Big losses in Russia-linked stocks prompt investors to reconsider other depositary receipts.

Big losses in Russia-linked stocks prompt investors to reconsider other depositary receipts.

The Uncertainty of Global Investors in Securities Linked to Geopolitical Hot Spots

Russian Depositary Receipts

London/New York, Aug 14 (ANBLE) – Global investors are losing confidence in securities linked to shares of companies in the world’s geopolitical hot spots, investors and analysts said, after Moscow moved to de-list Russian depositary receipts from foreign exchanges in retaliation for Western sanctions over the war in Ukraine.

Depositary receipts, or DRs, are certificates issued by a bank representing shares in a foreign company traded on a local stock exchange. DRs reduce currency and liquidity risk for buyers, who see them as one of the surest ways to invest in companies in countries ranging from Brazil to China.

However, recent events in Russia have shaken investors’ trust in DRs. Many foreign investors have been unable to trade Russian securities due to Moscow’s actions. This has caused them to write down the value of depositary receipts of Russian companies to zero. Now, investors and analysts are concerned about the possibility of similar reactions by other governments and the potential risks these pose to current prices.

The Intersection of Politics, Investment, and Risk

“Political instability and rapidly shifting geopolitical alliances can, in a very short amount of time, result in frozen and inaccessible capital,” warns Peter C. Earle, an economist with the American Institute for Economic Research. The time has come for investors to consider the combination of three crucial factors: the size of their exposure to foreign securities, the likely return on those investments over time, and the potential for geopolitical conflicts.

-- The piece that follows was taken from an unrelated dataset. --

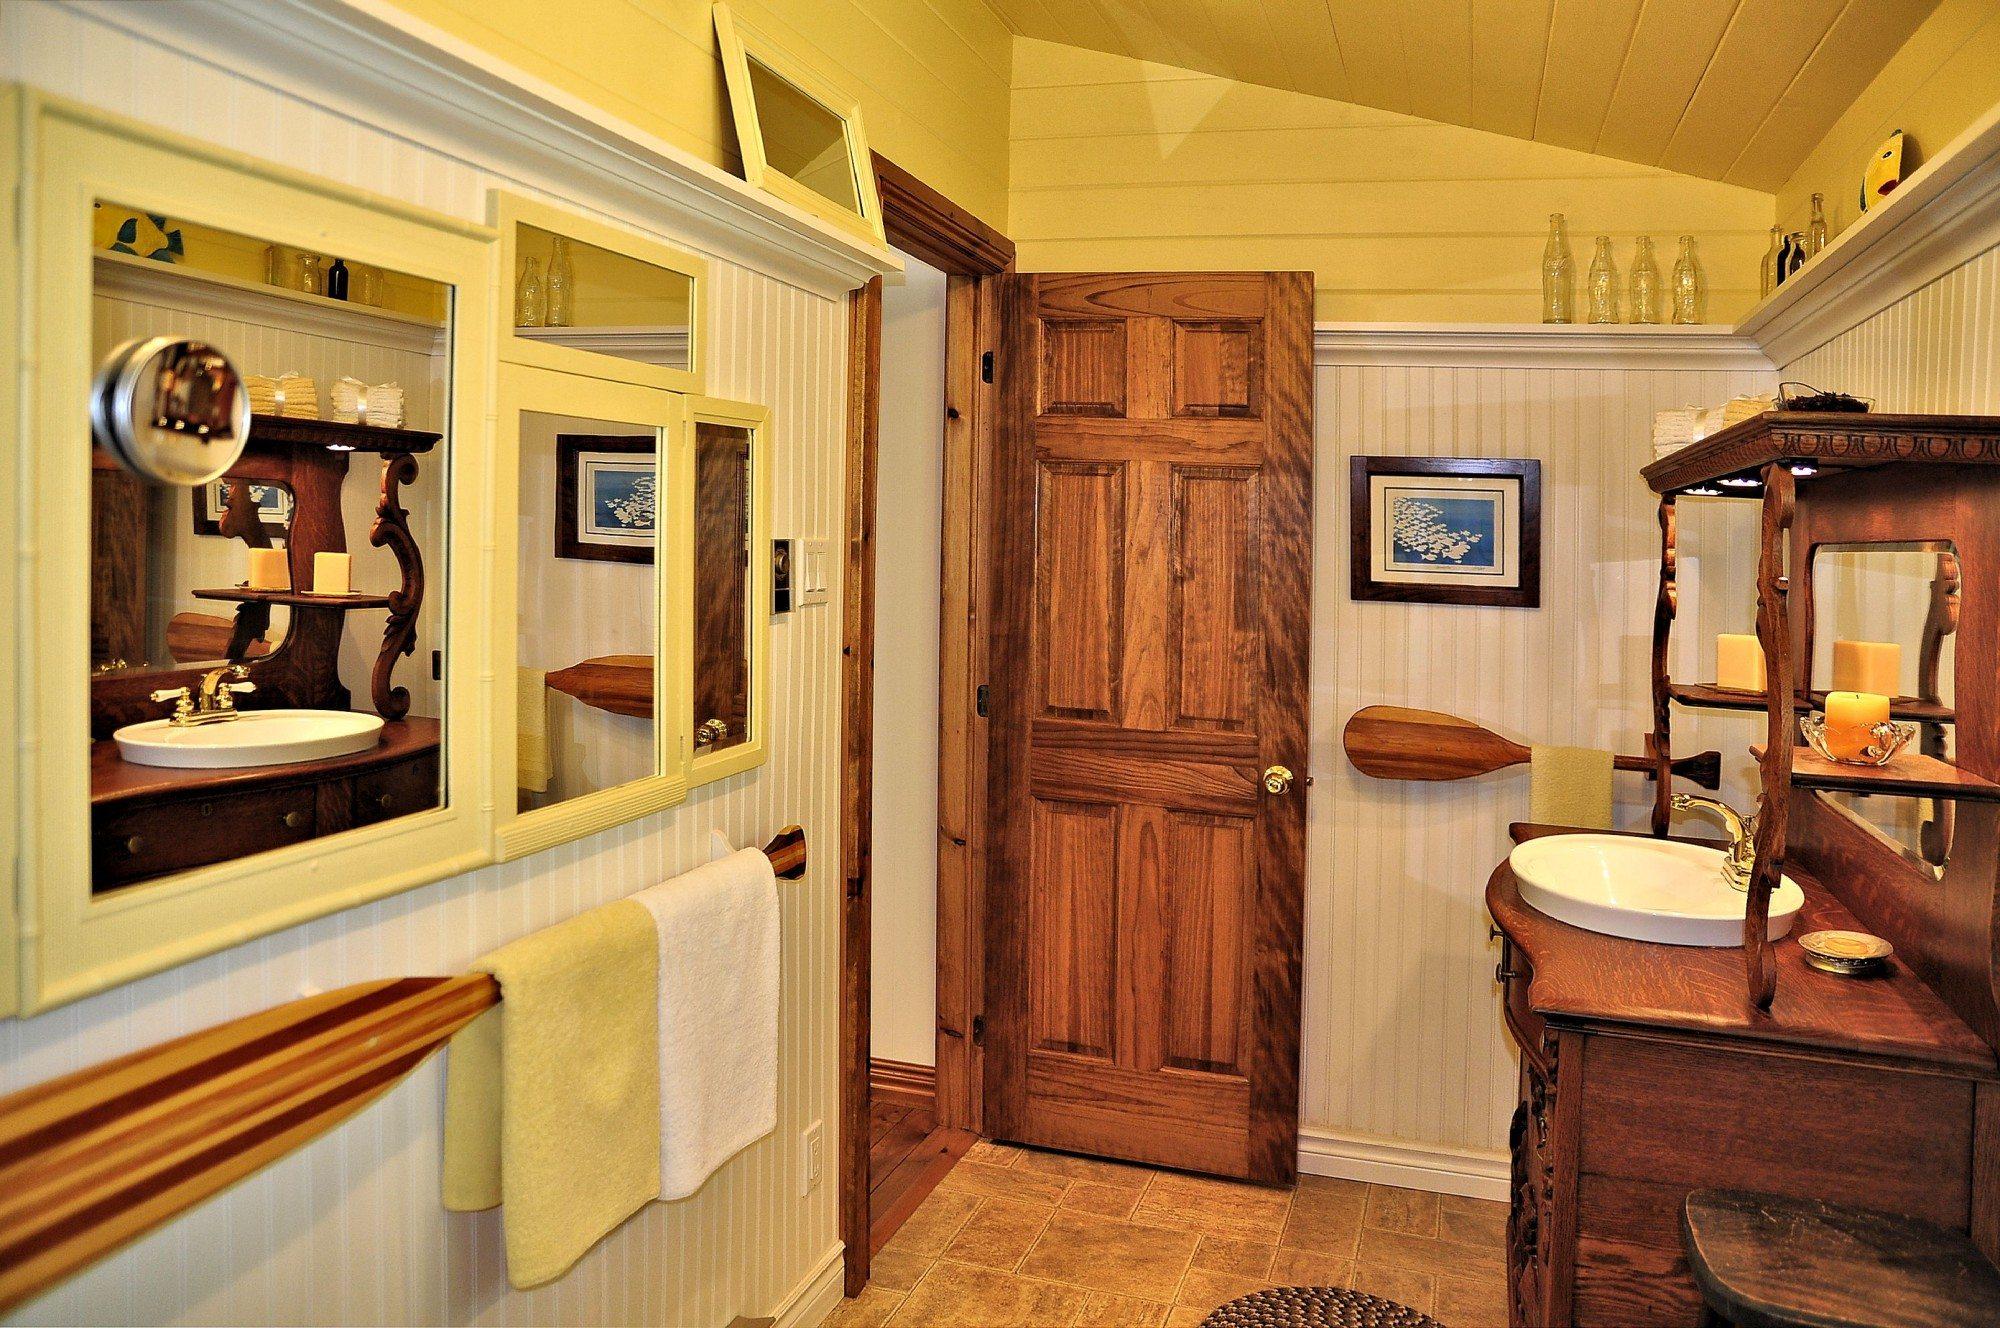 kawartha-lakes-cottage-for-sale-315-crego-lake-road-8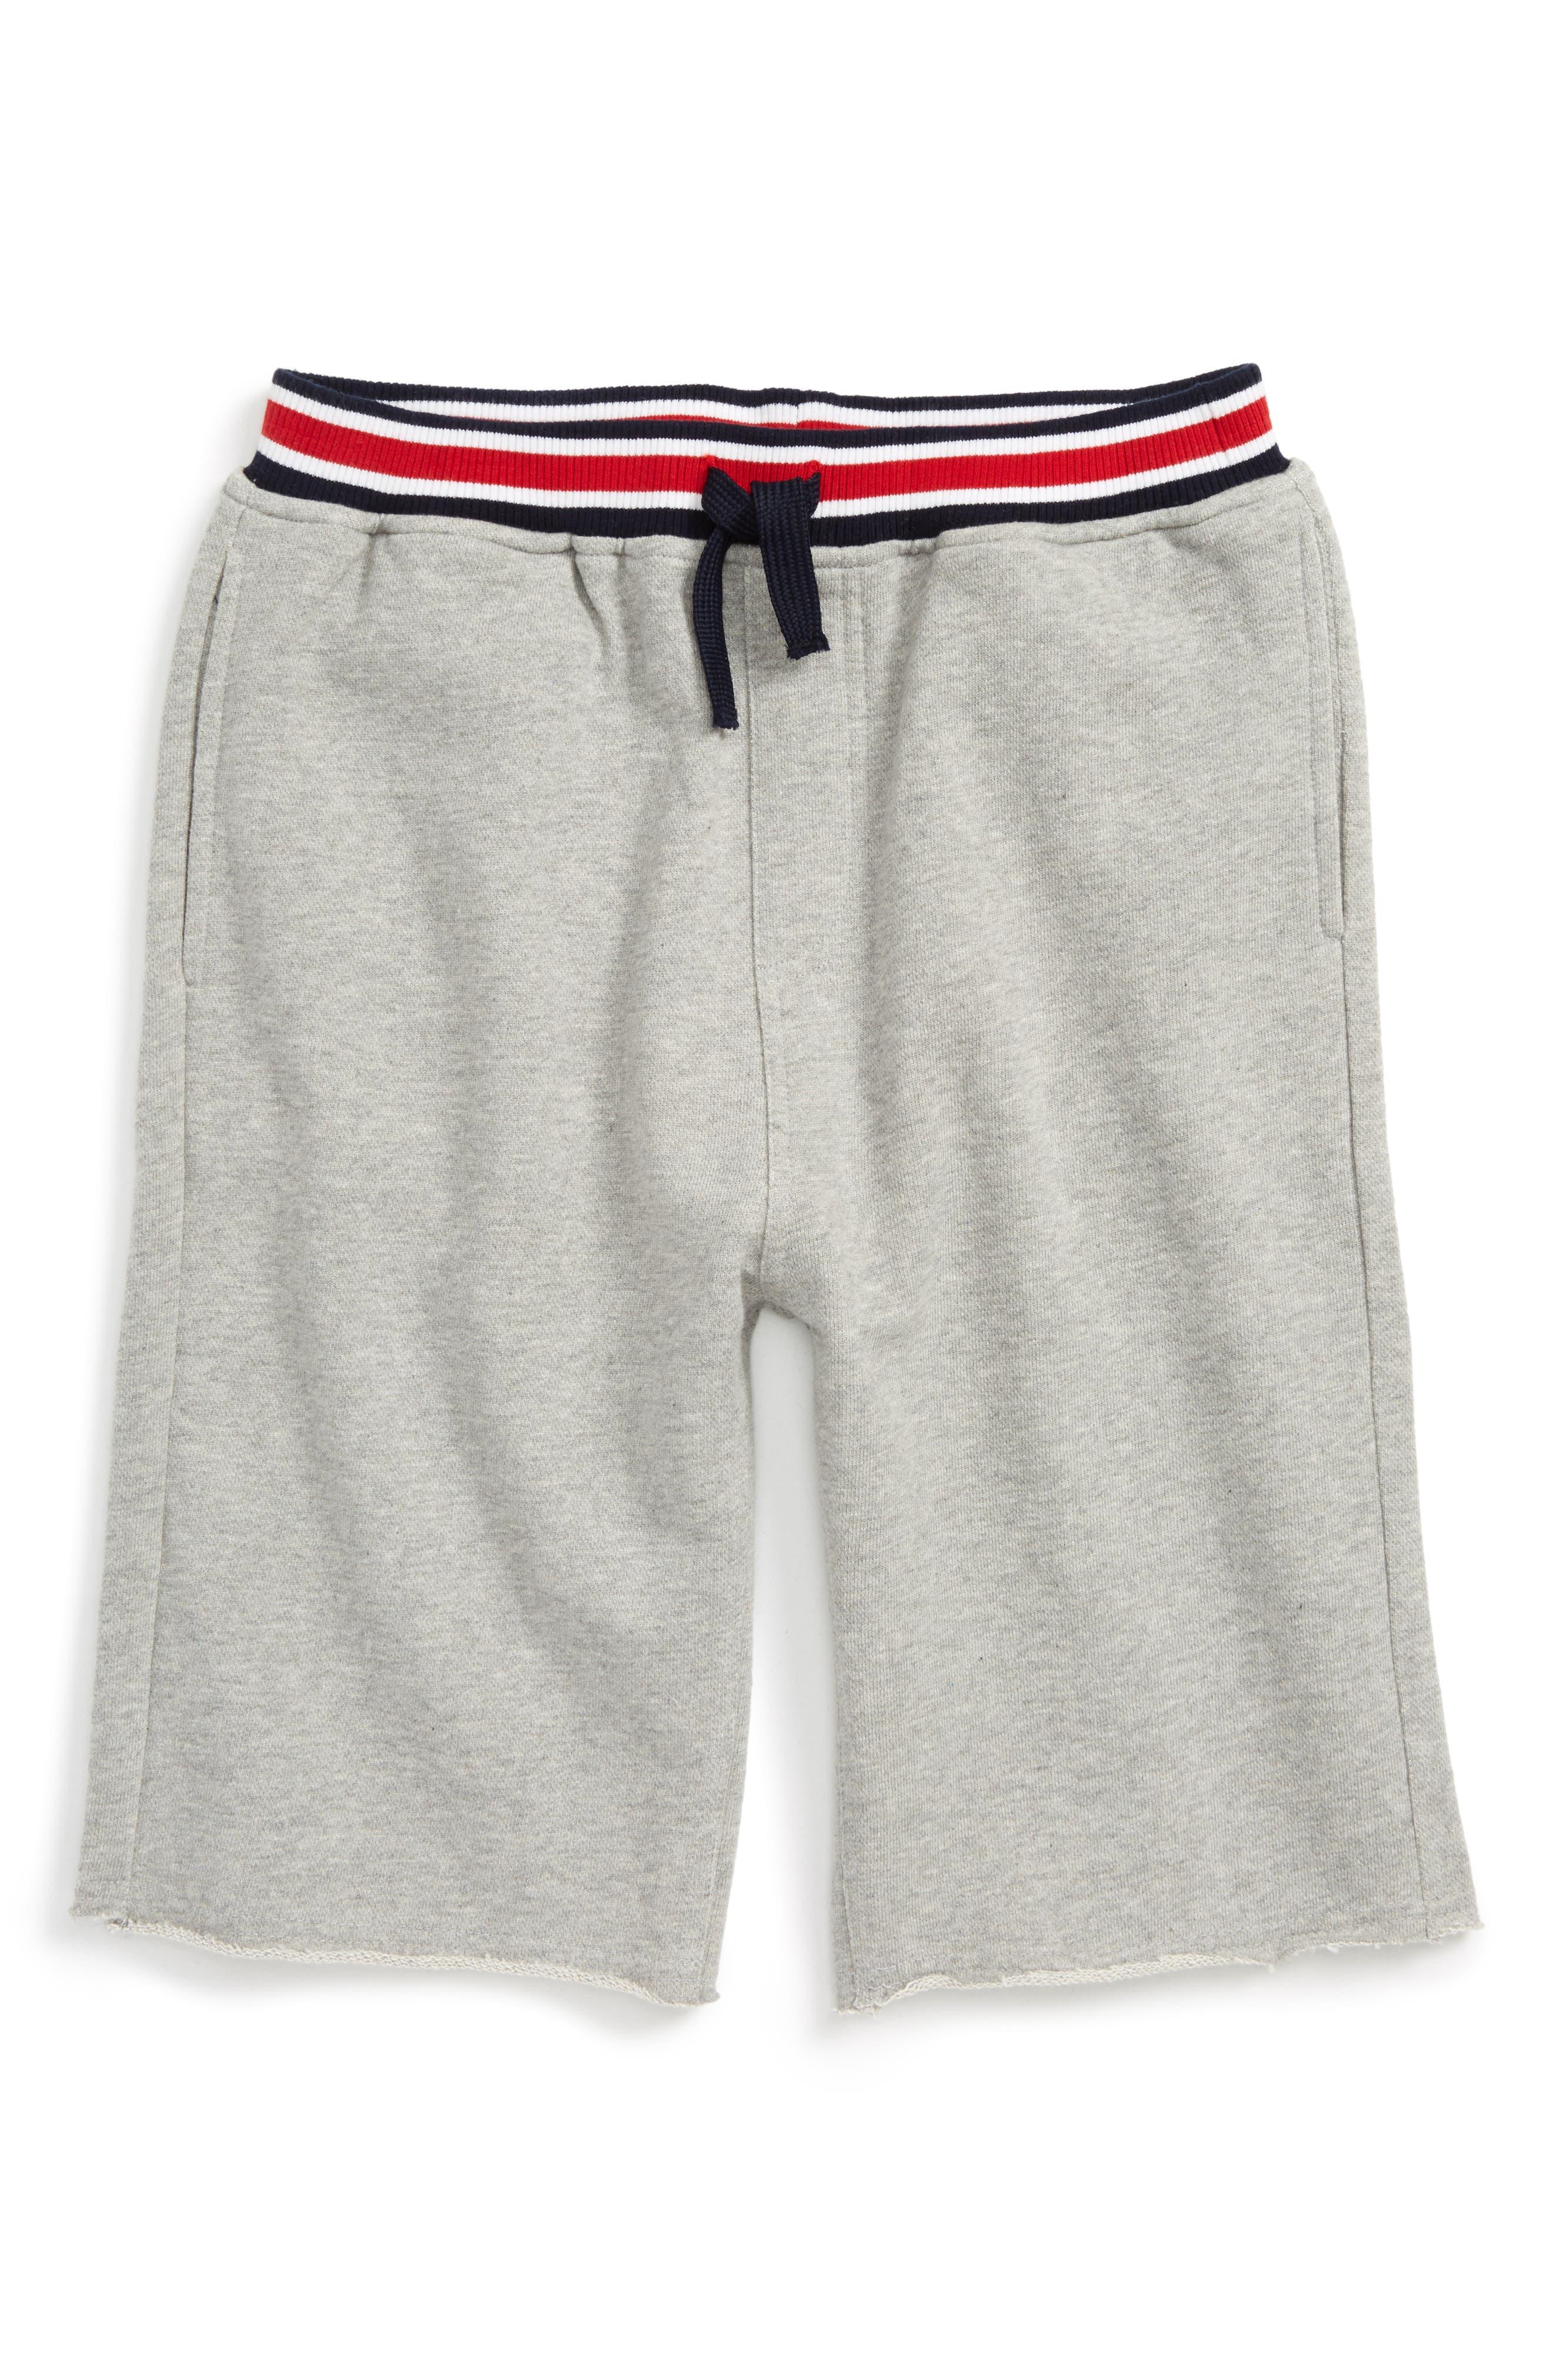 Alternate Image 1 Selected - Peek Varsity Knit Shorts (Toddler Boys, Little Boys & Big Boys)

According to data from Citigroup, $2 trillion in DRs were traded in the first half of 2023. Companies raised $4.7 billion in the same period, compared to $2.8 billion in the first half of 2022. This growth in DR activity indicates continued portfolio globalization and diversification, despite geopolitical concerns in select markets and sectors.

DR Programs by Country

Among the ten most traded DR programs in 2022, five were issued by Chinese companies. However, the current loss of confidence in DRs could lead to a drain of foreign capital from firms in emerging economies. To mitigate this risk, some advisers suggest global banks that issue DRs should better communicate potential risks to investors. It is important for investors to reassess their exposure to countries at war or unstable governments if they seek to outperform broad stock market returns.

“The geopolitical risk of owning a GDR (global depositary receipt) right now is under-appreciated by most western investors… GDRs should now be viewed as riskier, investors should reassess allocation levels and require a risk premium,” advises Christopher Day, managing director of U.S.-based Doliver Advisors. This sentiment is echoed by Michael Ashley Schulman, partner and chief investment officer at Running Point Capital Advisors, who emphasizes the need to understand the legal and jurisdictional exposure associated with DRs.

Moscow’s Shakedown and the Flaw in DRs

Moscow’s recent actions have highlighted a major flaw in DRs. These instruments provide investors with indirect ownership of shares, which makes them vulnerable to possible trading bans or restrictions in other jurisdictions. Grzegorz Drozdz, a market analyst at investment firm Conotoxia Ltd, warns of the threat that such instruments may face in the future.

While some believe that Russia is an extreme case and losses sustained by Russian DR holders are unlikely to trigger a retreat from other DR markets, investors are advised to exercise caution. Malcolm Dorson, senior portfolio manager at Global X, suggests reviewing risk tolerance levels. He reminds us that DR programs, due to their additional layer between companies and investors, carry slightly more risk than regular equity securities. In normal circumstances, governments are incentivized to keep DR investors happy as they allow international investors access to markets, providing capital and investment opportunities for these companies and countries.

In conclusion, the uncertainty surrounding DRs linked to geopolitical hot spots is causing global investors to question the potential risks associated with these securities. The recent example of Russian DRs being de-listed and frozen has highlighted the need for investors to reassess their exposure and consider the intersection of politics, investment, and risk. While geopolitical tensions remain, investors should carefully evaluate the level of risk they are willing to take on when investing in securities from countries in conflict or with unstable governments.